*Task instructions*
Copy word for word, please, the lines of the entries below running from the one containing "at gfzk Leipzig" to the one containing "Patio de la", both ends included.

*Data*
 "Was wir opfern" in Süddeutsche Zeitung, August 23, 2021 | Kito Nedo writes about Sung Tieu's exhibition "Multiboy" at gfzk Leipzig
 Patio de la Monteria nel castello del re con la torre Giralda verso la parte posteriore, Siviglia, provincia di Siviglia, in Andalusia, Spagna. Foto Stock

* * *

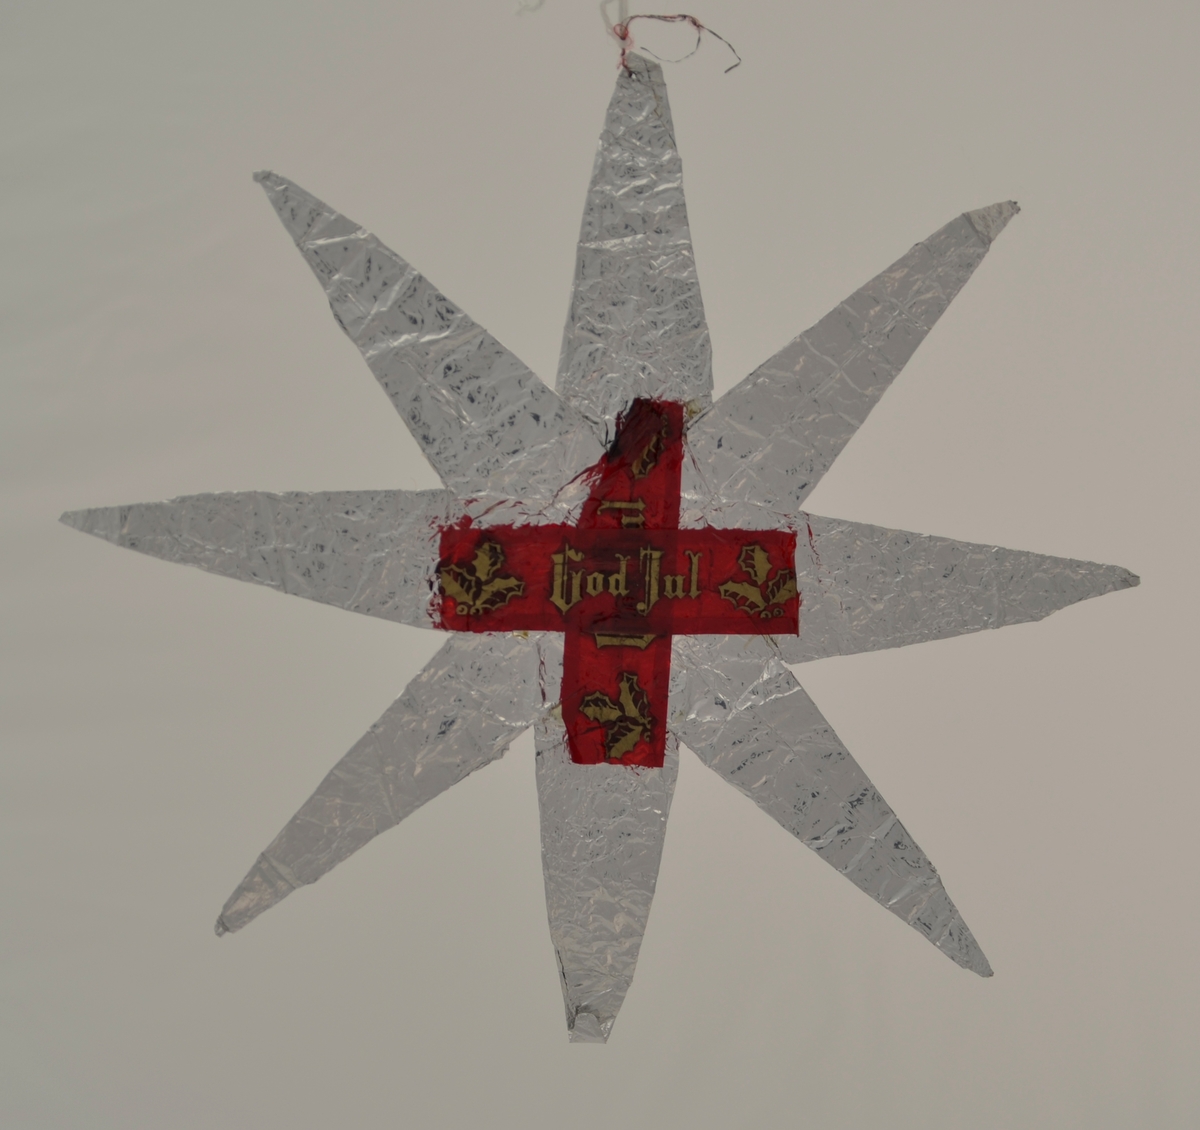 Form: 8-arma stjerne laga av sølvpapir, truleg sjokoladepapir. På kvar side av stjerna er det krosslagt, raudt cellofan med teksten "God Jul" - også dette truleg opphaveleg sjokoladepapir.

...

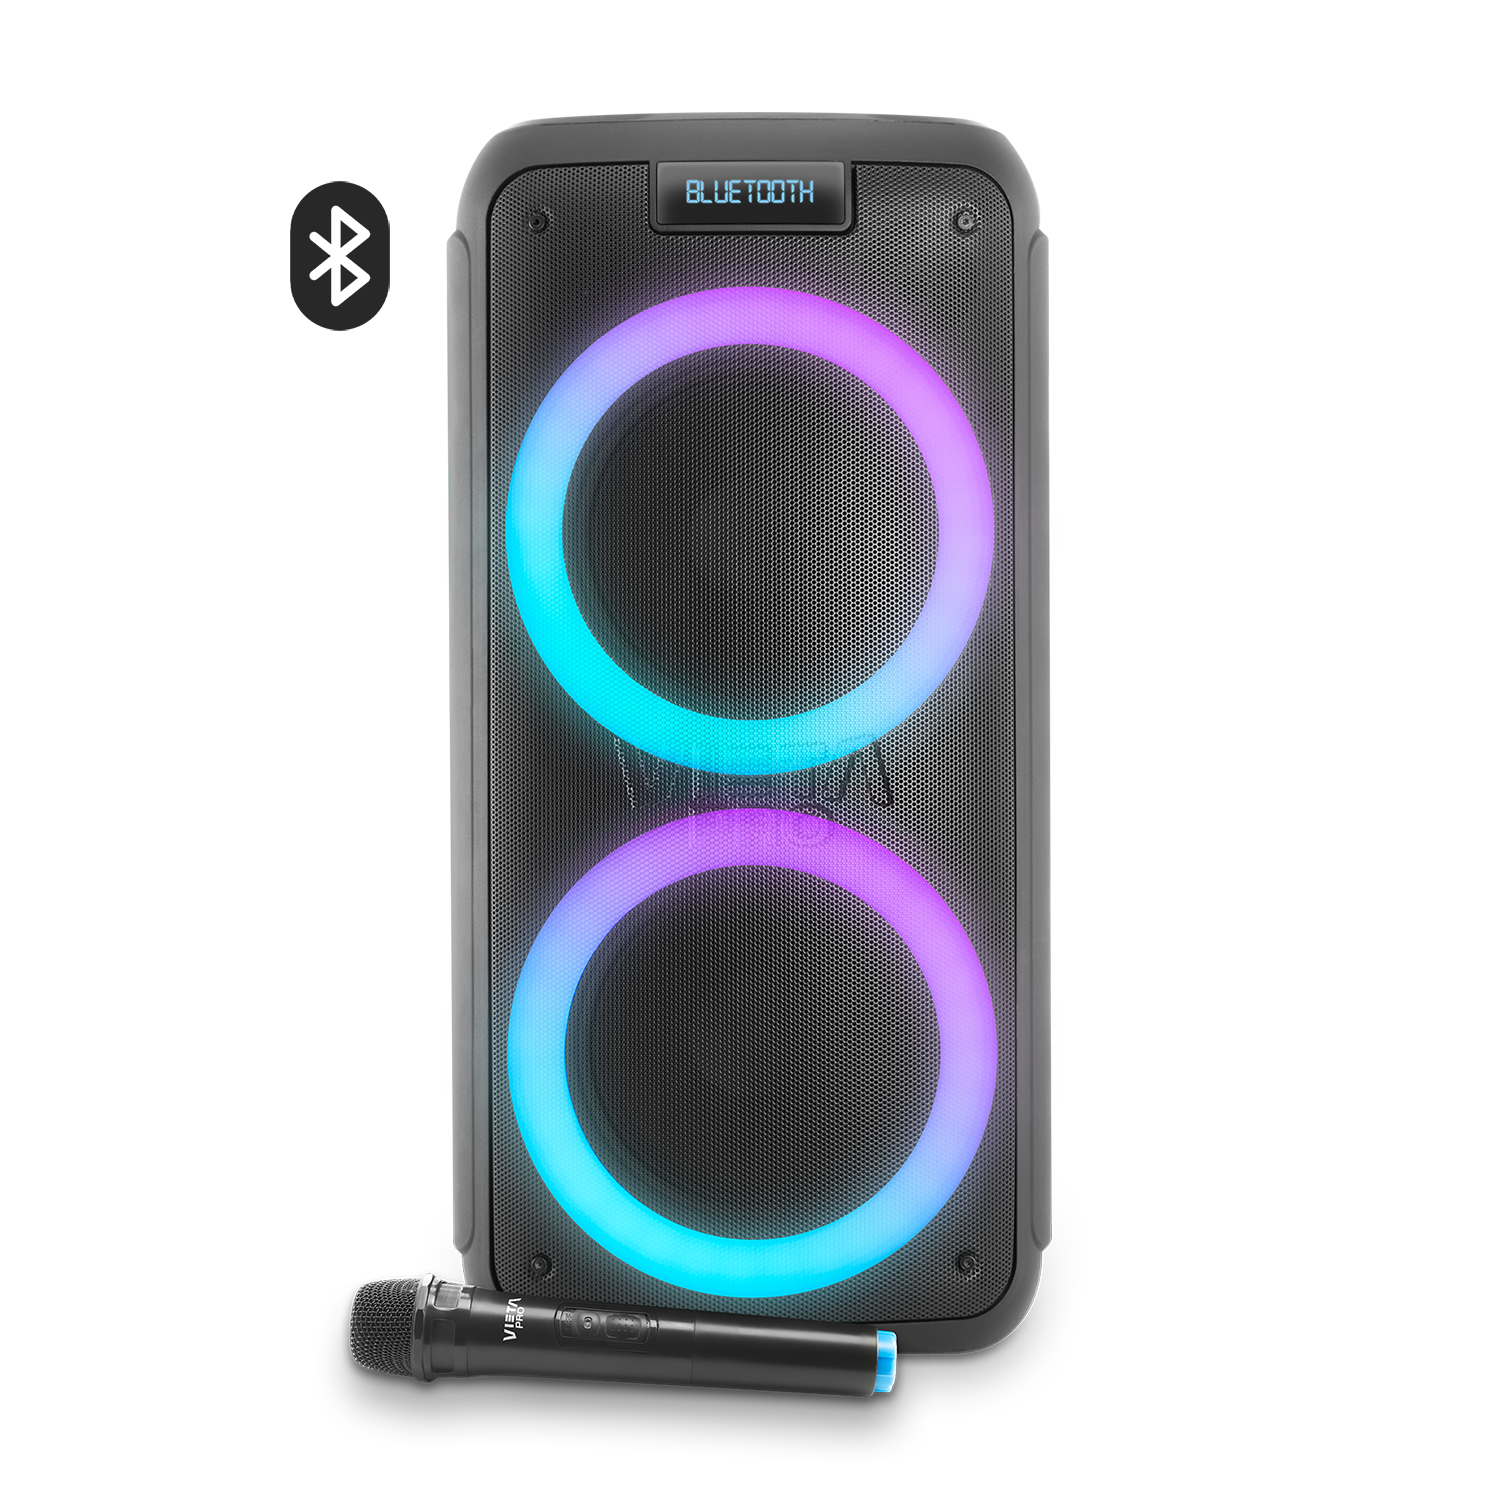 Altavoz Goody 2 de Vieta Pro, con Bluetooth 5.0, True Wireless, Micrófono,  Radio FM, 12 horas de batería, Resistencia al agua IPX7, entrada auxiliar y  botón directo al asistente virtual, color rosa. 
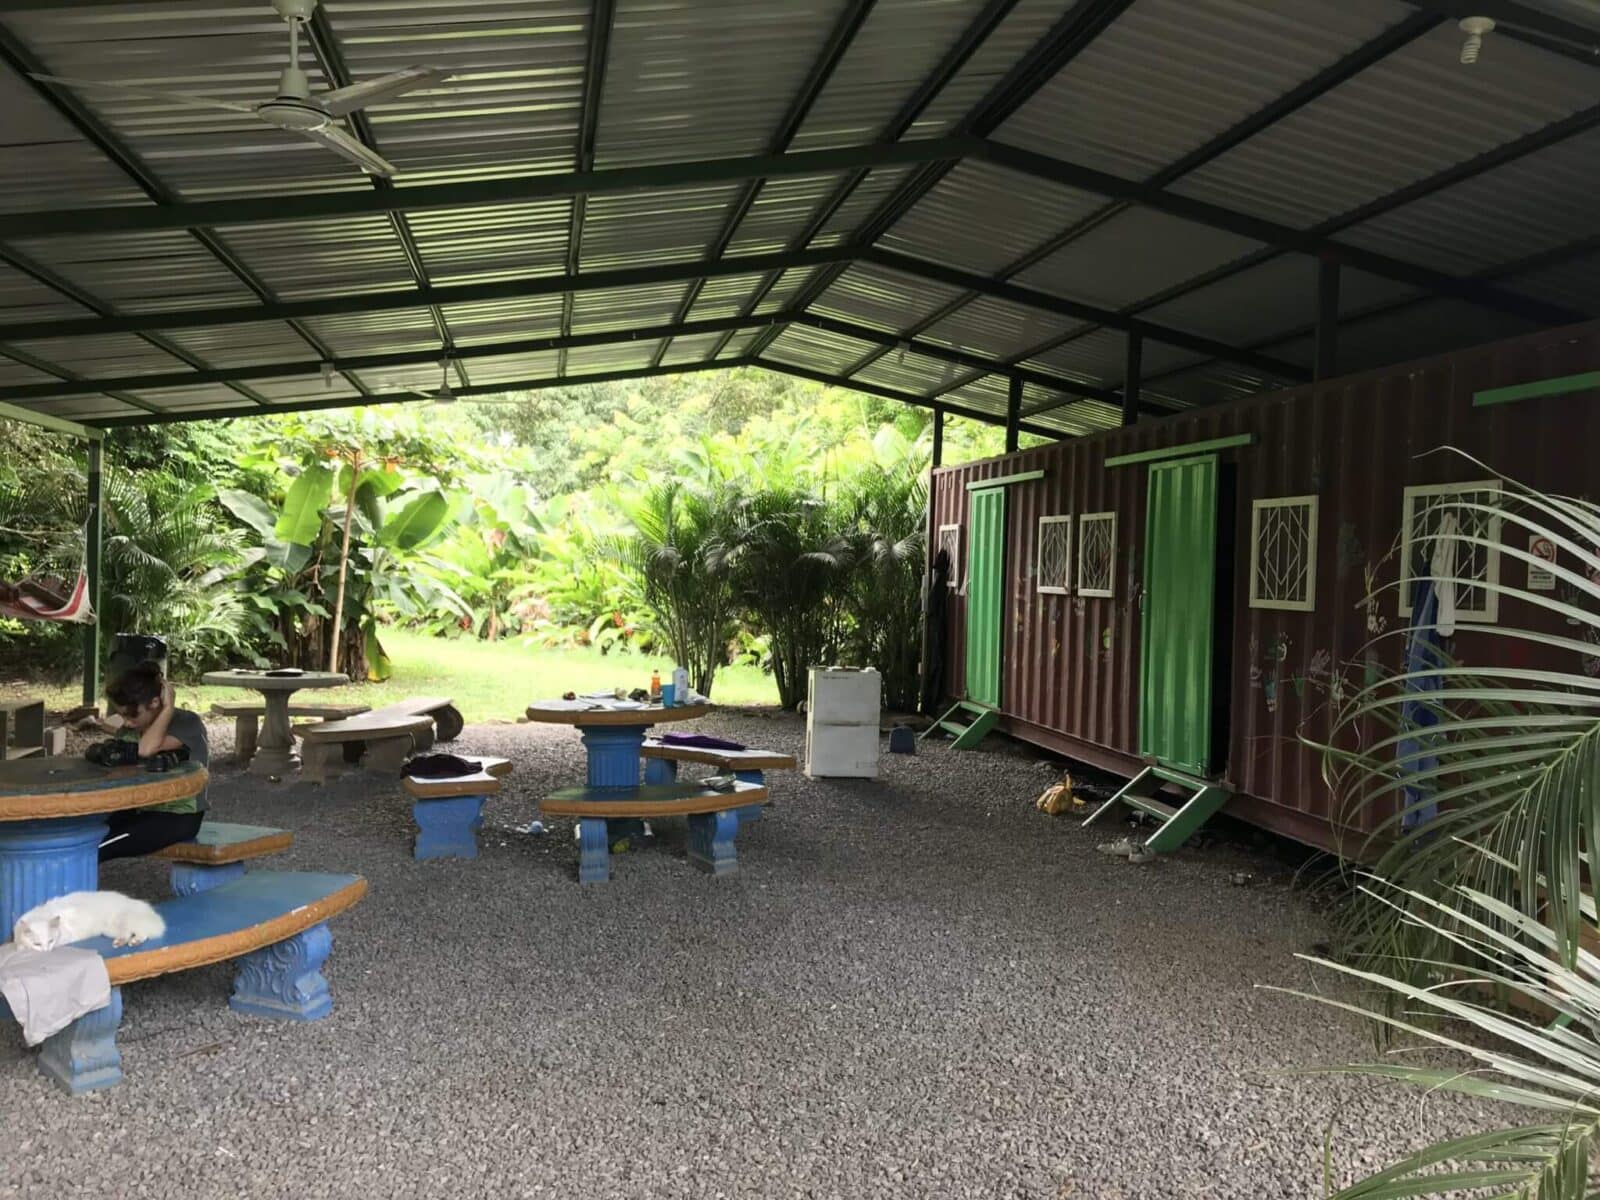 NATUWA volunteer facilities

*Reply*
 "Was wir opfern" in Süddeutsche Zeitung, August 23, 2021 | Kito Nedo writes about Sung Tieu's exhibition "Multiboy" at gfzk Leipzig
 Patio de la Monteria nel castello del re con la torre Giralda verso la parte posteriore, Siviglia, provincia di Siviglia, in Andalusia, Spagna. Foto Stock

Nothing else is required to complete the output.